The two singers that shaped Amy Winehouse: “I learned from everything”

The fact it’s been nearly 15 years since Amy Winehouse passed away is heartbreaking. She was one of the most influential artists of a generation, who refused to give in to the outside world’s demands and, like so many creatives of such consequence, had her demons. Yet, for all of the melancholy that featured in her life, her records remain a testament to her incandescent flare.

Although Winehouse is remembered as a tragic artist, this notion often overshadows her talents. Not only was she a fantastic singer, but she also appreciated great art in all its forms, with her just as much of a punk as she was a soul singer.

Her list of musical loves also reflects how she is not the one-dimensional character that popular narratives depict her as. She had a better record collection than most, and her affinity for the greats gave her the inspiration to pursue her talents and make a career out of them. Given the assortment of music she discussed, it also prompts questions about what direction her career might have taken if she’d lived.

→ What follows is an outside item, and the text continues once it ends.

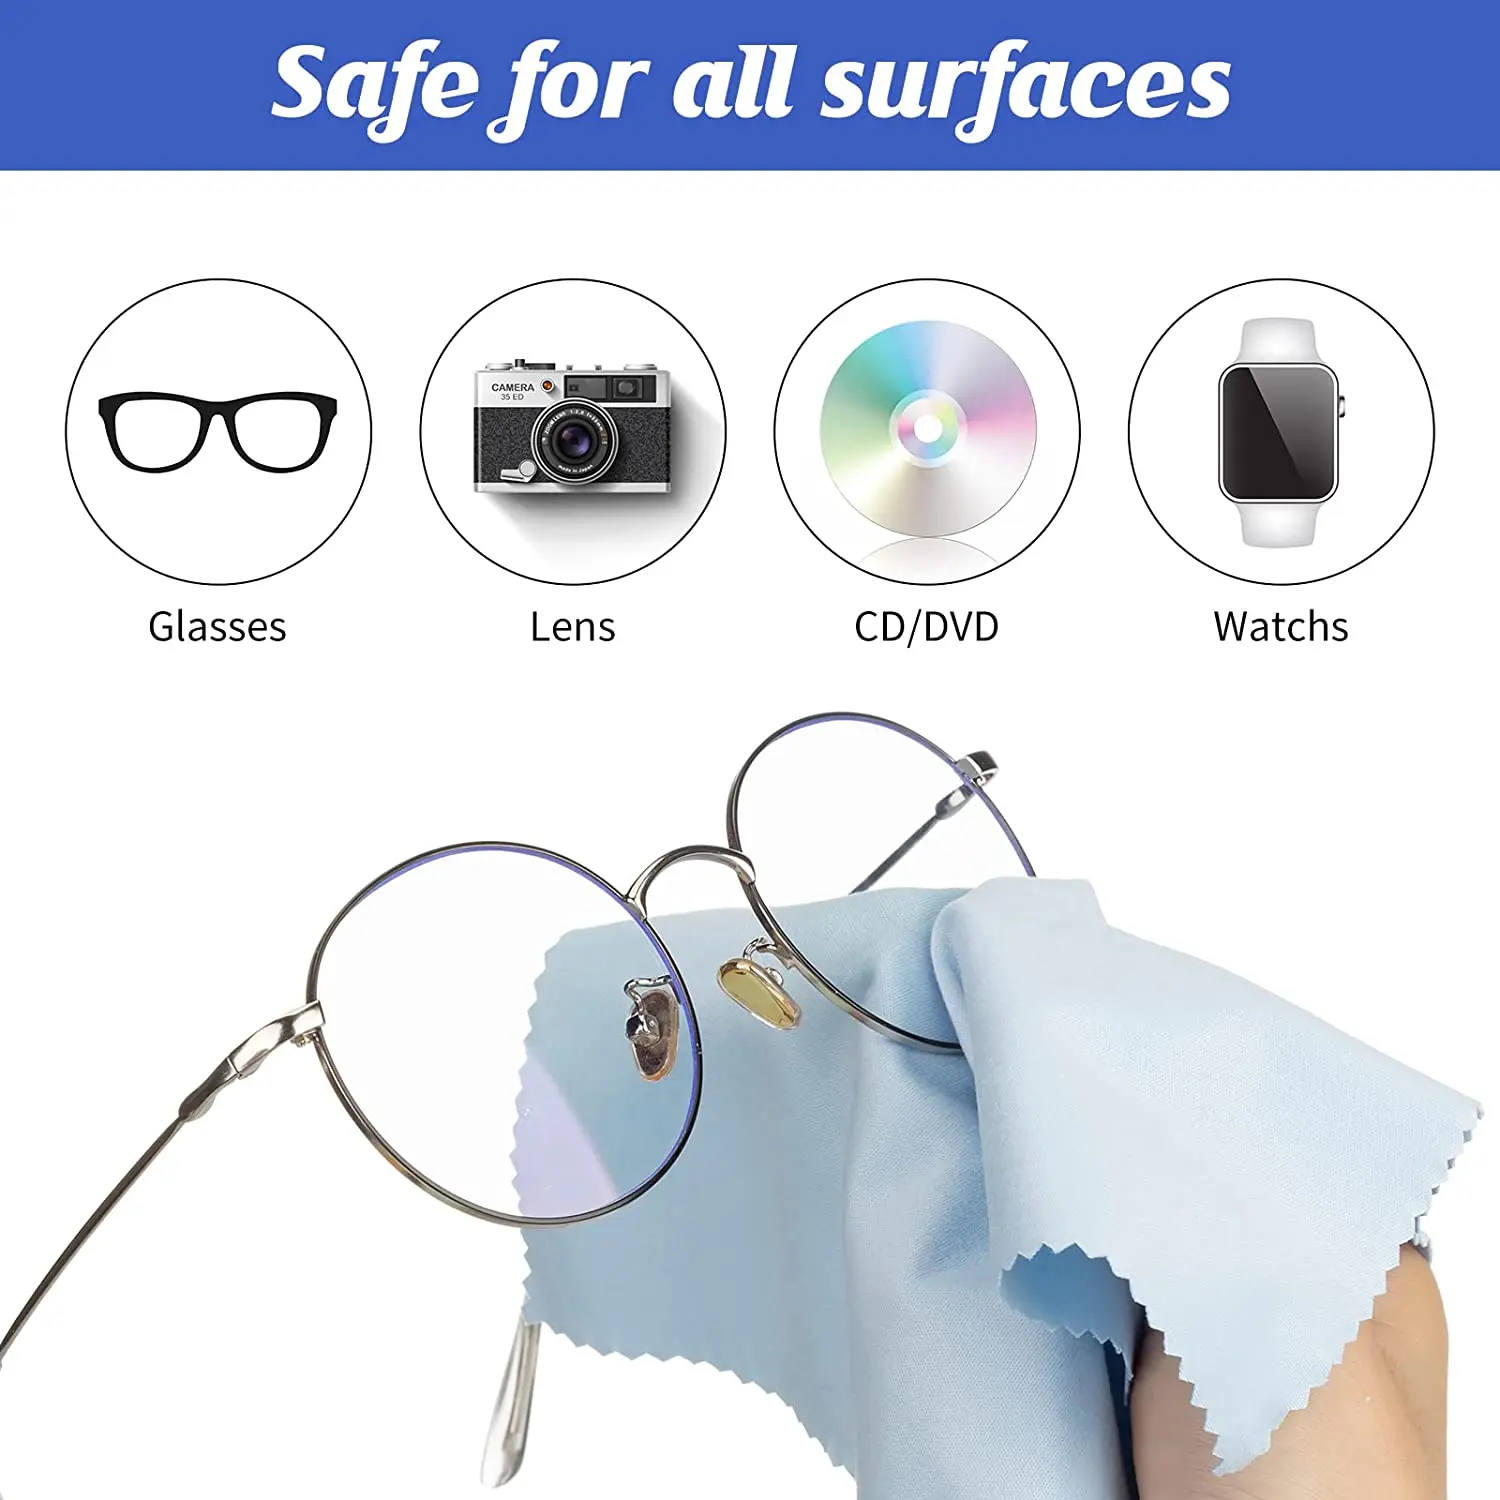 25Pcs High-quality Microfiber Glasses Cleaning Cloth Lens Glasses Cleaner Mobile Phone Screen Cleaning Wipes Eyewear Accessories images - 6

There’s a high chance she’d still be at the forefront of the industry today.

Reflecting this artistic substance is that when Winehouse was younger, she didn’t actually listen to much soul, the genre she’s now deemed inextricable from. As a child and in her early teens, she listened to hip-hop and jazz, and it was only after she got into Motown’s girl groups that she was introduced to the other genre that, alongside those above, her work would sit at the nexus of.

That then gave Winehouse a route into gospel legends such as Mahalia Jackson and Aretha Franklin, who, in addition to possessing great voices, often sang about matters of the soul, as she would later do, creating real profundity by taking this lyrical tact and heightening it with the raw power of their delivery. She might not have been religious, but for this reason, she found the Gospel incredibly inspirational, and it showed her early on that music was her idol.

Given her inherent ear for great music, Winehouse even listened to Sonic Youth, Pearl Jam, and, most surprisingly, Northern Irish rockers Therapy when she was in primary school due to the influence of her older brother. Still, her dalliance with this environment was short. She discovered Salt-n-Pepa when on the verge of secondary school, which started her moving in a more soulful direction. Her brother would also play a crucial role in engrossing herself in jazz. He started listening to jazz at 18, when his sonic proclivities were expanding, and hearing Thelonious Monk’s ”Round Midnight’ under his door was pivotal for her life’s trajectory.

In terms of singers, there were two who shaped Winehouse more than any others, Sarah Vaughan and Dinah Washington, two pioneers of jazz, who demonstrated that it wasn’t just a man’s world.

“Sarah Vaughan is one of my favourite singers of all time. She was an instrument. I’ve heard one record; it’s like a humming solo, and she sounds like a reed instrument – like a clarinet,” she explained to The Guardian in 2006. “I came to Sarah Vaughan later: I was about 18. And I learned to sing from Dinah Washington and from stuff like [Thelonious] Monk. It wasn’t just the vocal jazz – I learned from everything, really.”

A truly unique artist, Amy Winehouse brilliantly channelled the work of her heroes into her sound. After reading her comment about Vaughan and Washington, their expressive fire becomes evident at the forefront of her style.